Conclusion. These data reveal a positive relationship between DSME duration and utilization of some diabetes clinical care services.
Diabetes has many debilitating and lethal consequences, including kidney failure, nontraumatic lower-extremity amputations, blindness, heart disease, and stroke. According to data from the National Health Interview Survey from January to June 2013, the prevalence of diagnosed diabetes was 9.3% among U.S. adults ≥18 years of age (1). Because of the increasing prevalence of diabetes, disease management is becoming increasingly important to improve the health and well-being of people with diabetes and to minimize the disease’s impact on the health care system. Diabetes-related costs are enormous. In 2012, direct medical costs associated with diabetes in the United States were $176 billion and indirect costs were $69 billion. Overall, the direct medical costs for people with diagnosed diabetes are more than twice those of people without diabetes (2).
In response to this national epidemic, Healthy People 2020’s strategic framework for improving the nation’s health includes diabetes self-management education (DSME) as one of its diabetes-related objectives (3,4). DSME is a collaborative effort between people with or at risk for diabetes and diabetes educators. The goal is to increase the knowledge and skills of people with diabetes to help them successfully self-manage the disease (5).
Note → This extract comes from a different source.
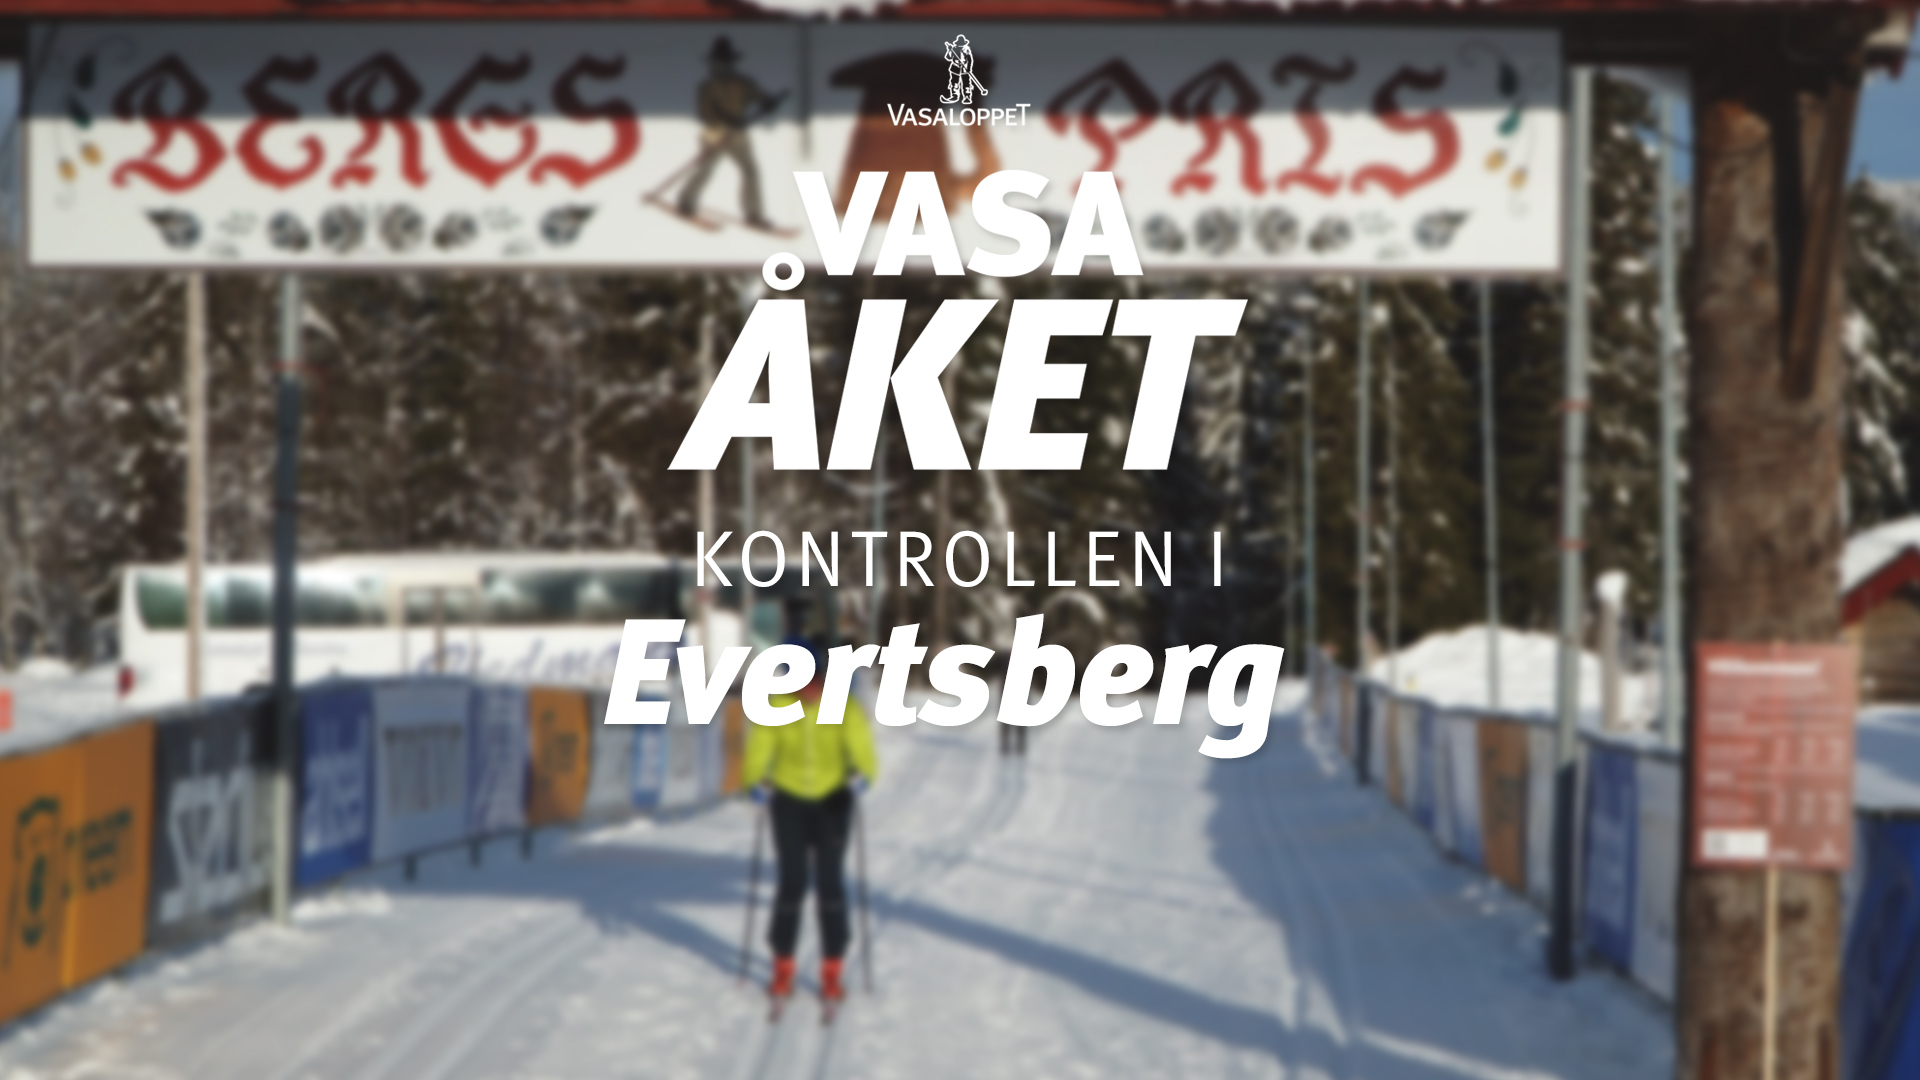 26 februari, 2021 – Evertsberg

In 2011, a joint American Association of Diabetes Educators/American Diabetes Association task force convened to update the National Standards for Diabetes Self-Management Education. Much of the work of this task force involved updating infrastructure, data collection, evaluation, and program coordination standards. Standard 6 addresses DSME curriculum content, but DSME duration recommendations are not included in the recommendations outlined by this standard (6).
Studies show that effective diabetes self-management significantly reduces both complications and health care costs (4,7–9). In a Florida-specific study, the authors found that receiving DSME is positively associated with receiving more comprehensive diabetes clinical care (10).
Whereas DSME has been repeatedly shown to increase awareness of recommended diabetes services and is associated with receiving higher levels of comprehensive clinical care, much less is known about the association between time spent receiving DSME (DSME duration) and diabetes self-management and clinical service utilization outcomes (11,12). A few articles have been published examining the relationship between DSME duration and diabetes-related outcomes. One study of insurance billing records showed a dose-response relationship between the number of DSME encounters (0–2 or more) and the proportion of patients complying with A1C and lipid panel testing recommendations (11). This study did not use a representative sample and only examined those receiving DSME from accredited programs versus those who did not receive DSME. In a meta-analysis of randomized clinical trials, the authors found that additional contact time between a participant and an educator resulted in a greater decrease in A1C (13). The meta-analysis did not examine health care utilization patterns stratified by patient-educator contact time.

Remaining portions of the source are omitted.